Worse still, when you first pull away in the new Amarok, it doesn’t seem to have the performance of a V6, either. Then again, there aren’t many engines that would get more than two tonnes of Volkswagen moving that quickly from the word go.
However, once the Amarok is up and running, things are rather more impressive. The initially sluggish gearbox slurs its way through the higher of its eight ratios smoothly and quickly, and the car’s performance is more than adequate: able to take advantage of overtaking opportunities when they come along, as well as to keep up with the ebb and flow of motorway traffic.
The car’s refinement is very good, too, with surprisingly low levels of noise at motorway speeds. Even on the derestricted sections of German autobahn on our test route, at speeds that would land you in jail in the UK, two front-seat passengers could hold a conversation without shouting. What's more, the car felt perfectly stable.
Come to think of it, ‘stable’ is a good word to describe how the car feels on the road in general. Of course, you can never forget how big it is – whether because of the way you can feel all its weight shifting around when you change direction, because you’re forever conscious of its width on anything but the broadest streets, or because how hard you have to lean on the (fortunately very effective) brakes to slow it down – but it never feels anything less than sure-footed.
Ok, so it’s occasionally slow-witted and cumbersome, and you’ll spend a lot of time twirling the wheel as you turn into corners and then straighten up again afterwards, but the car always feels assured. You can keep up a good lick across country as long as the bends are sweeping and don’t follow one another too quickly.
As you would only expect, it’s not a car that appreciates being hurried through the bends and the ride isn’t the smoothest – particularly on the larger wheels – but it’s better than on many rival pick-ups, although many SUVs handle more sharply and ride more comfortably.
Last, but not least, the Amarok is also very impressive when you head off the beaten track. Granted, it’s not so good that it’ll give Land Rover engineers sleepless nights, but the Amarok can still show a muddy pair of heels to many a rival.
Should I get one?
The missing ingredient in all this is perhaps the most crucial one: how much the Amarok will cost. And, with the car several months away from being launched in the UK, that’s still very much up in the air. All VW will sayis that the new car is likely to cost between £500 and £1000 more than the current car.

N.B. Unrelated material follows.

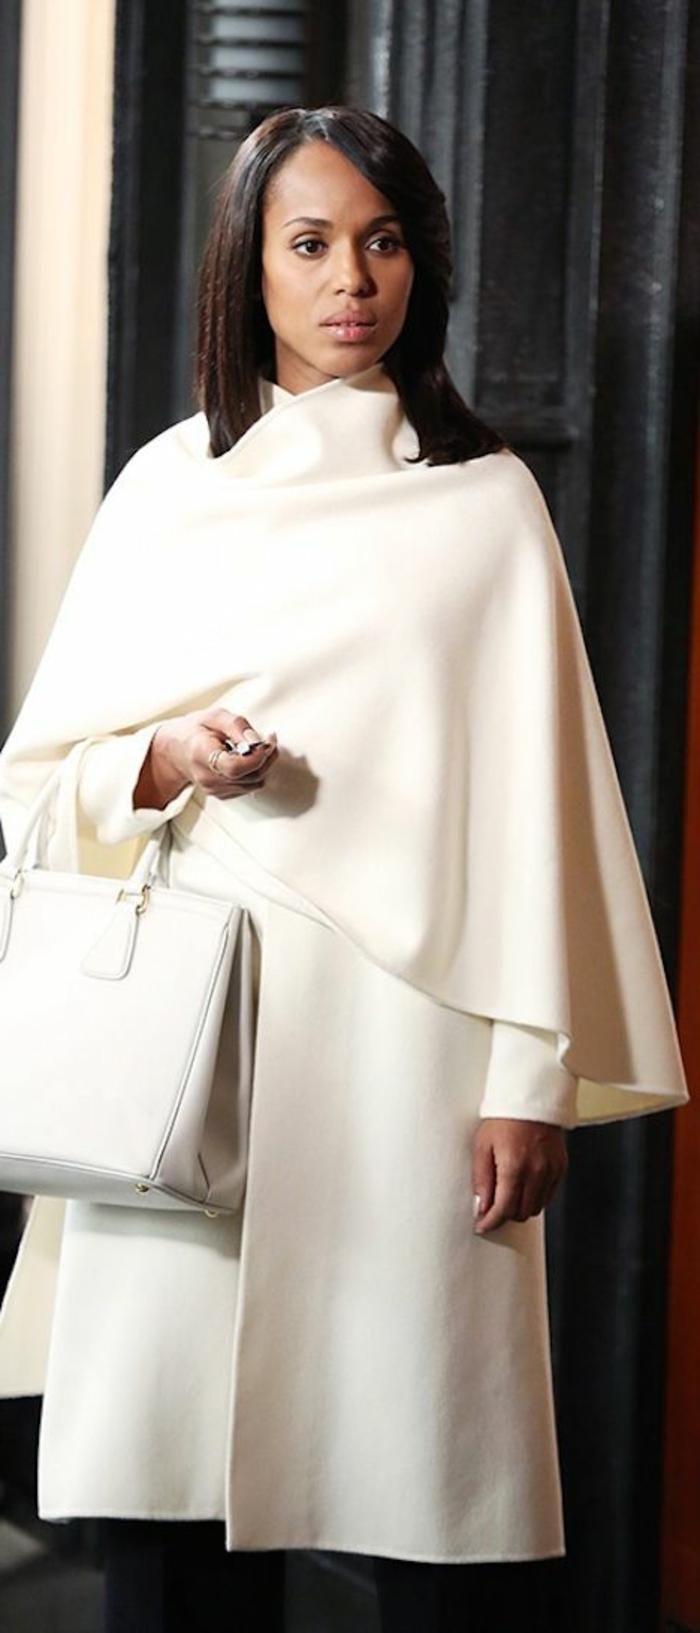 Kerry-Washington-Marielle-Collection-Mantel-weiß-einzigartiges-Modell-elegant-stilvoll

That makes it look quite expensive, but then again, the Amarok does have plenty of things that are unique in its class, or class-leading – things like its V6 engine, infotainment system and safety features – so you could argue it’s a price worth paying.
As it stands, the Amarok is certainly a tempting package that will appeal to existing pick-up owners, and is good enough attract some buyers who might otherwise have gone for a more conventional SUV. True, the Amarok isn’t as engaging to drive as many of them, but it’s certainly something a bit different, and that could be enough to sway buyers who don’t want to be seen in just another SUV. Especially company car drivers, who can take advantage of the flat tax rate on pick-ups, which can make them cheaper to run than a more conventional vehicle.